**What this task involves:** What's wanted here is the full listing below, repeated exactly, with no images in it.

**Supplied data:**

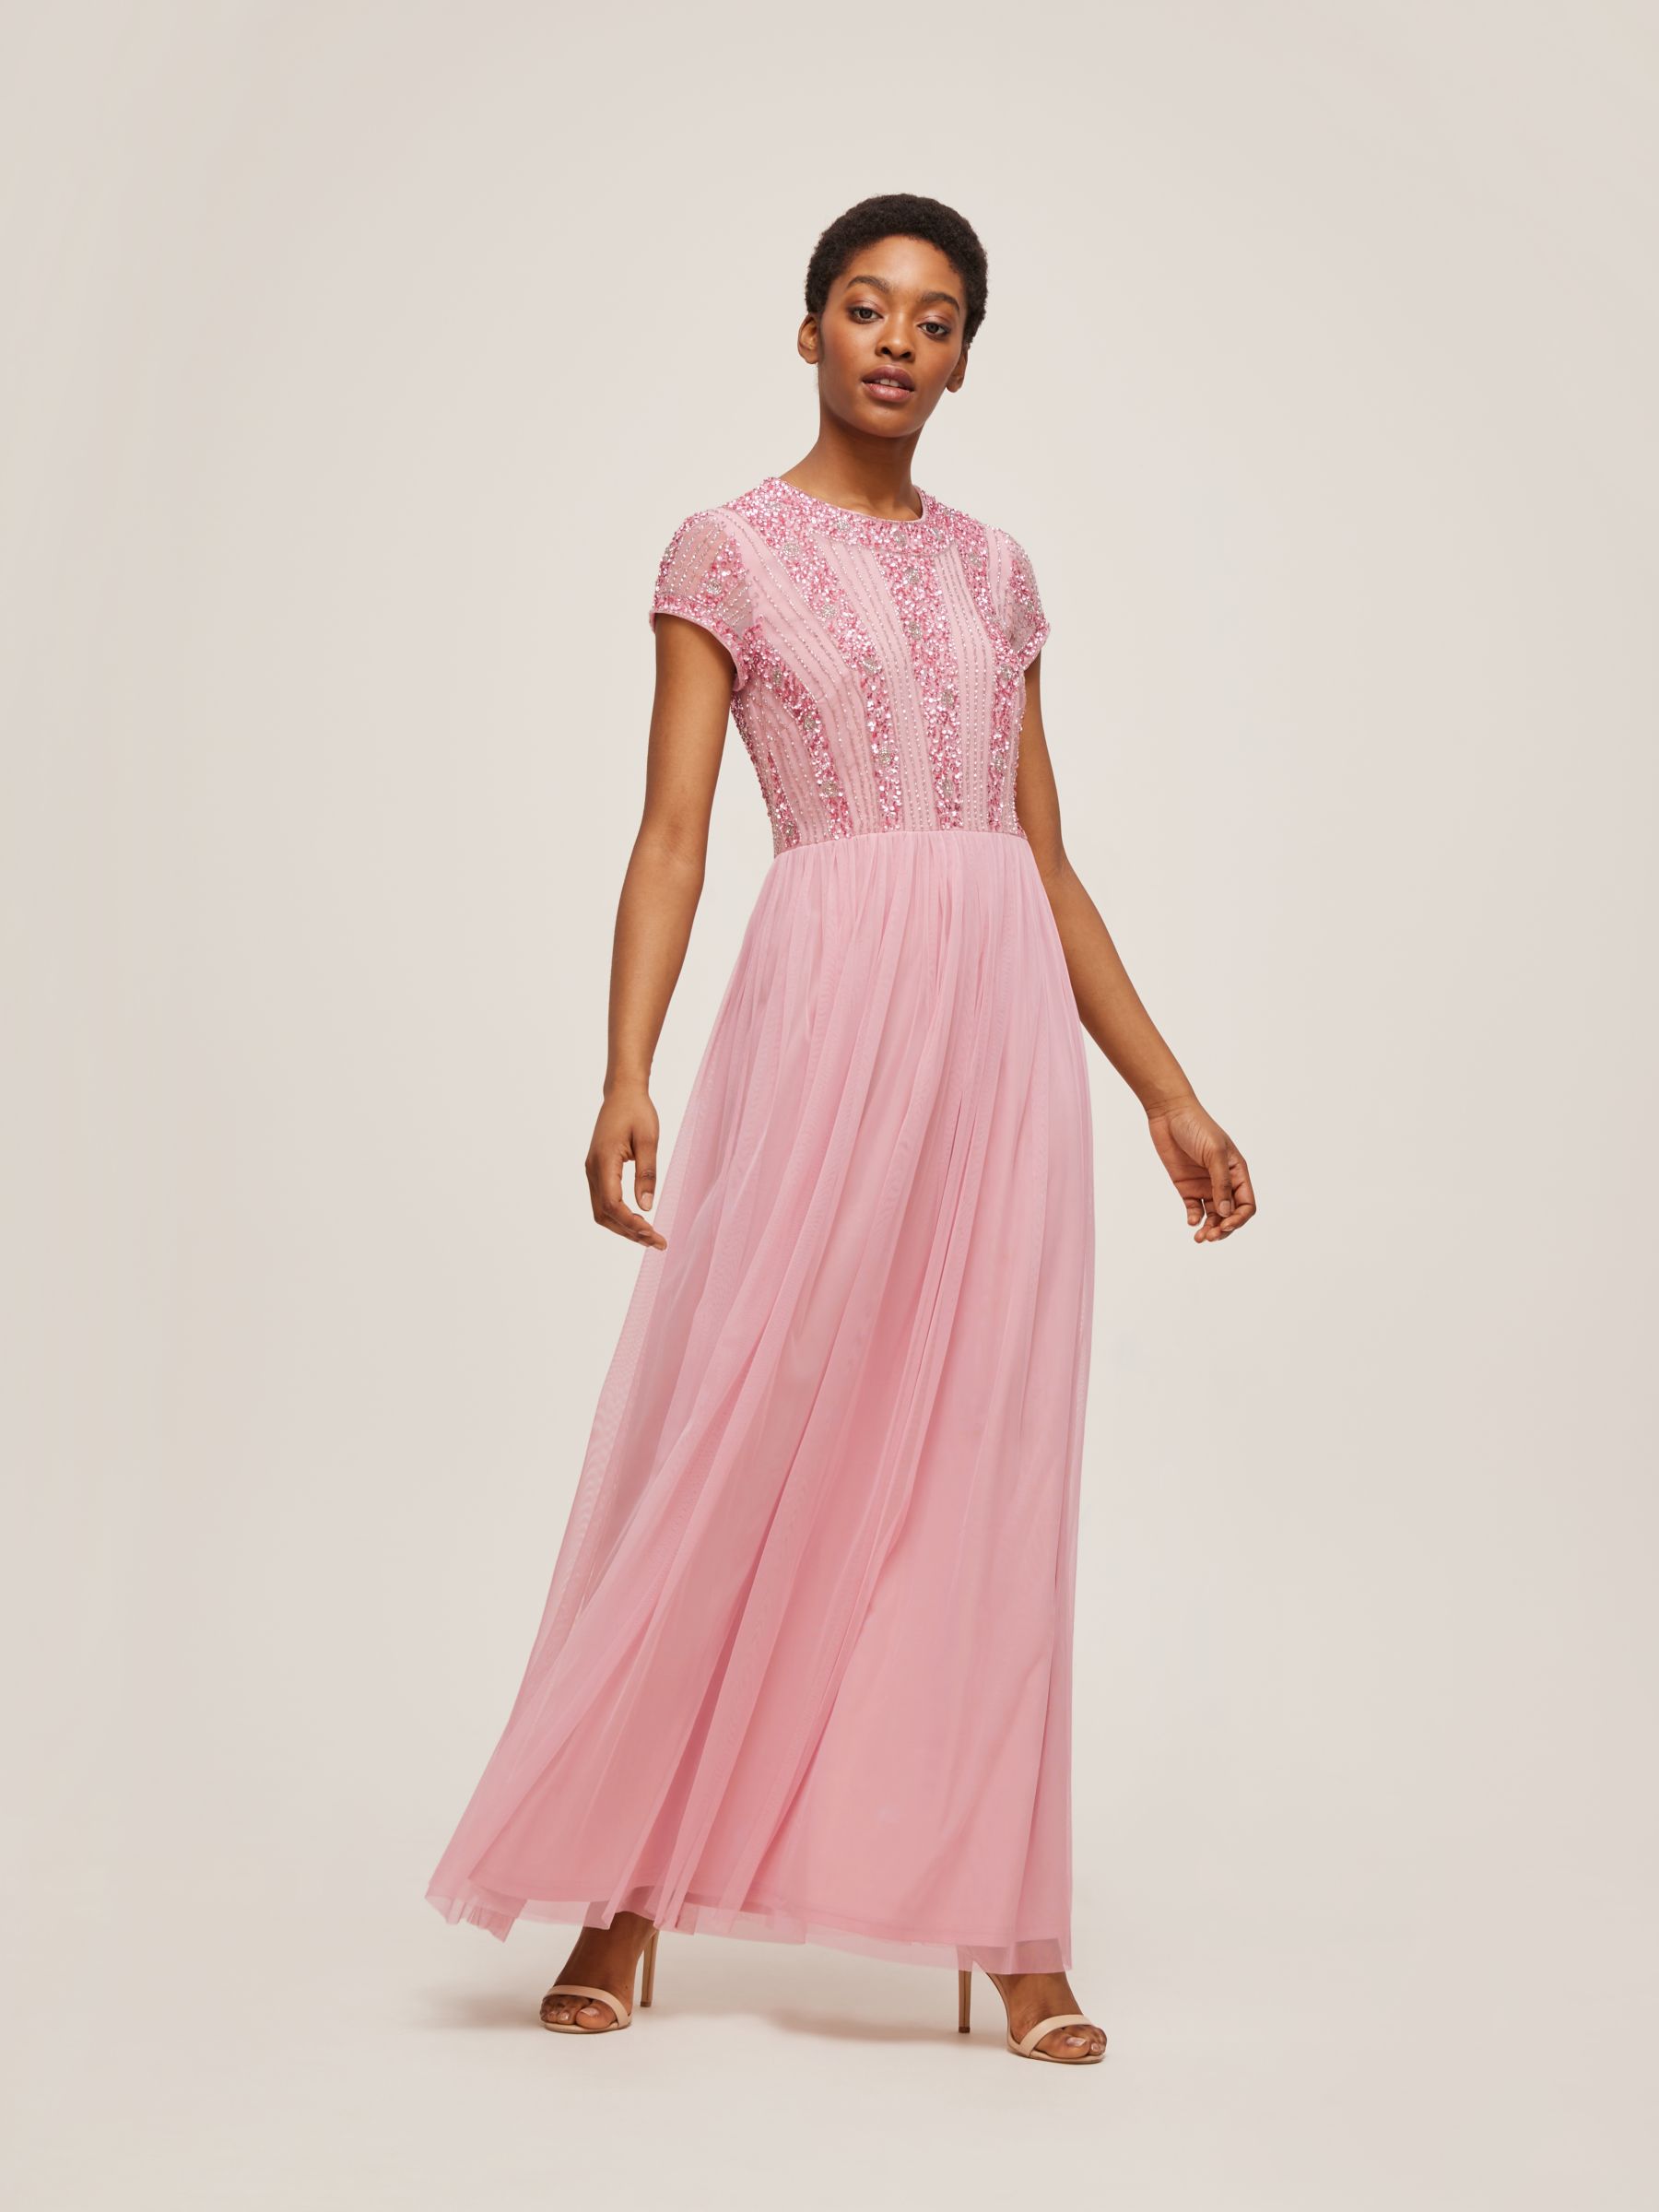 Lace & Beads Maha Embellished Bodice Maxi Dress, Mauve, 8
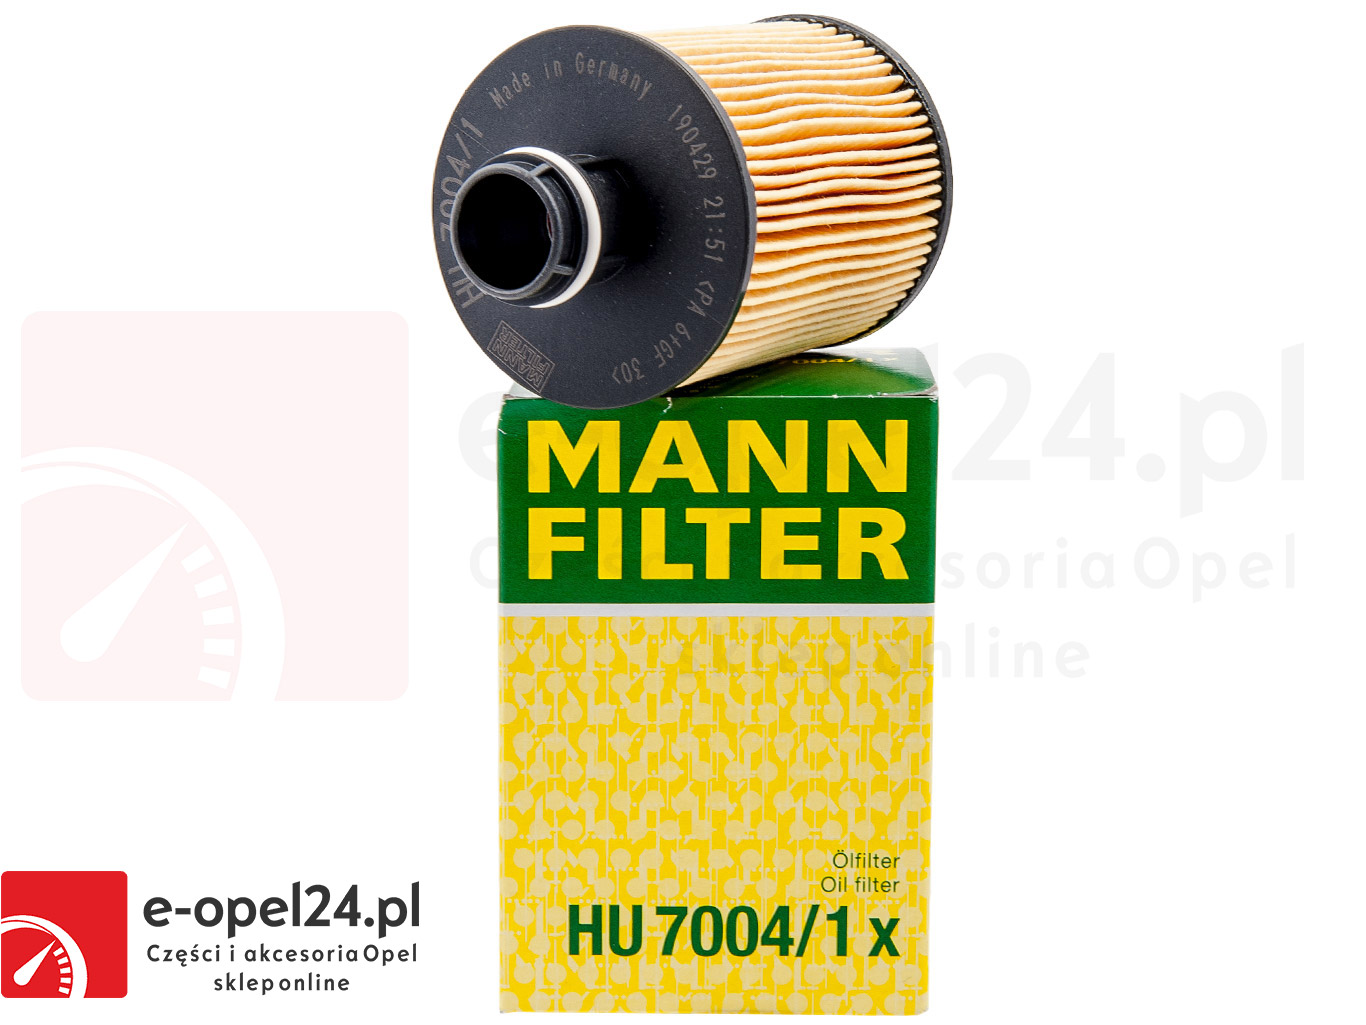 basin Miles In need of Filtr oleju Mann Opel do silników 1.3 1.6 2.0 CDTI | e-opel24.pl
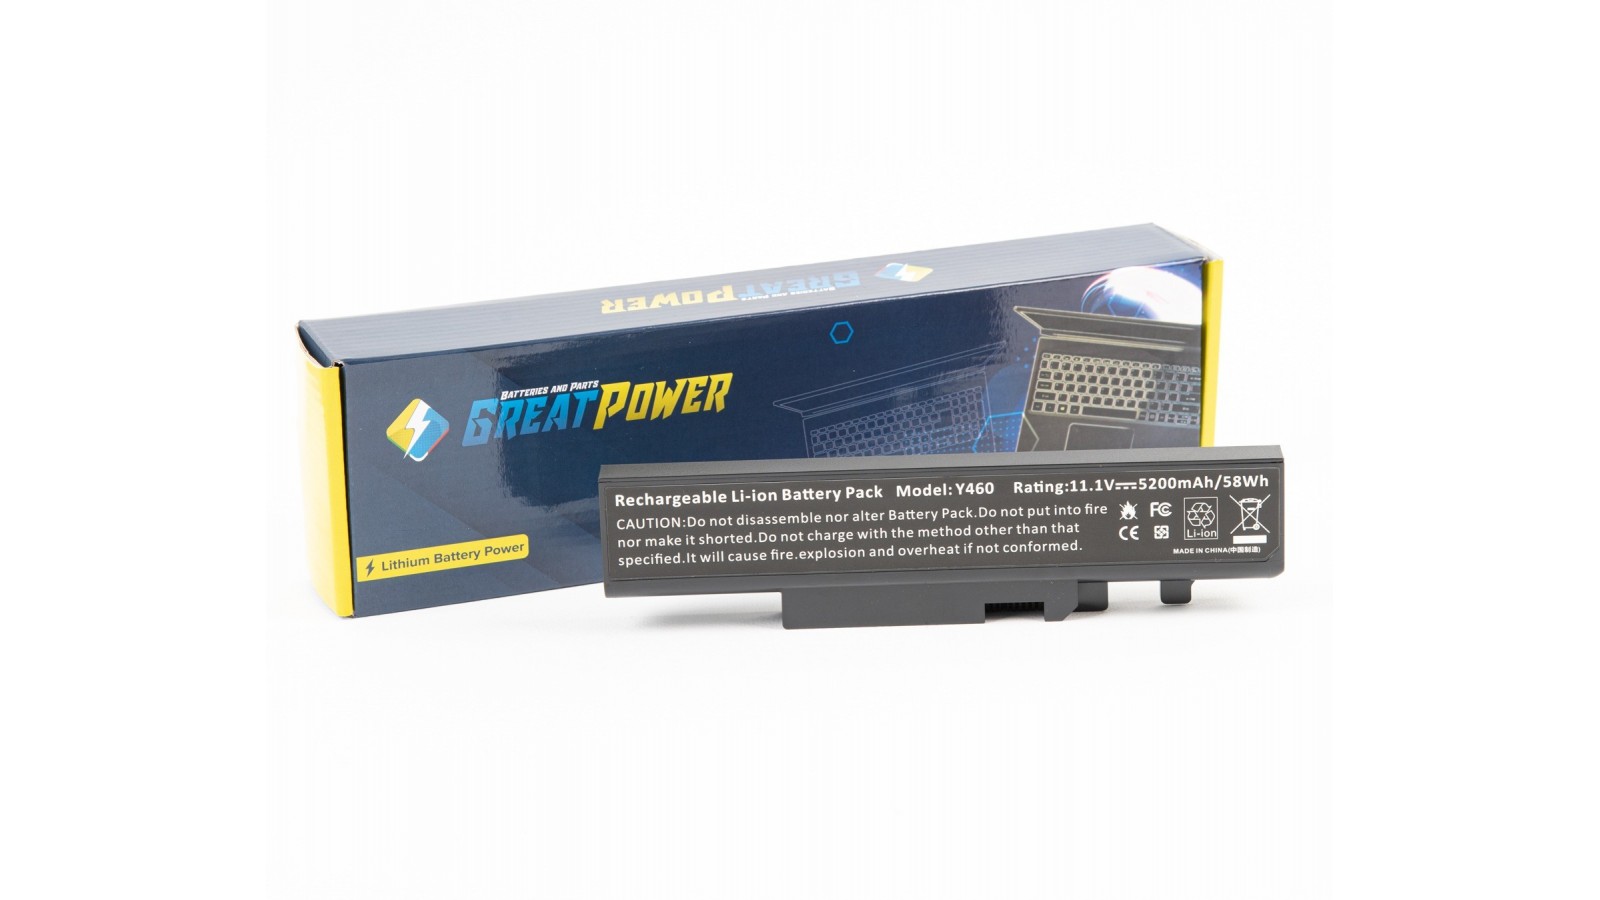 Batteria 5200mAh compatibile con Lenovo IdeaPad Y460 Y560

**Answer for this exercise:**
 Lace & Beads Maha Embellished Bodice Maxi Dress, Mauve, 8
 basin Miles In need of Filtr oleju Mann Opel do silników 1.3 1.6 2.0 CDTI | e-opel24.pl
 Batteria 5200mAh compatibile con Lenovo IdeaPad Y460 Y560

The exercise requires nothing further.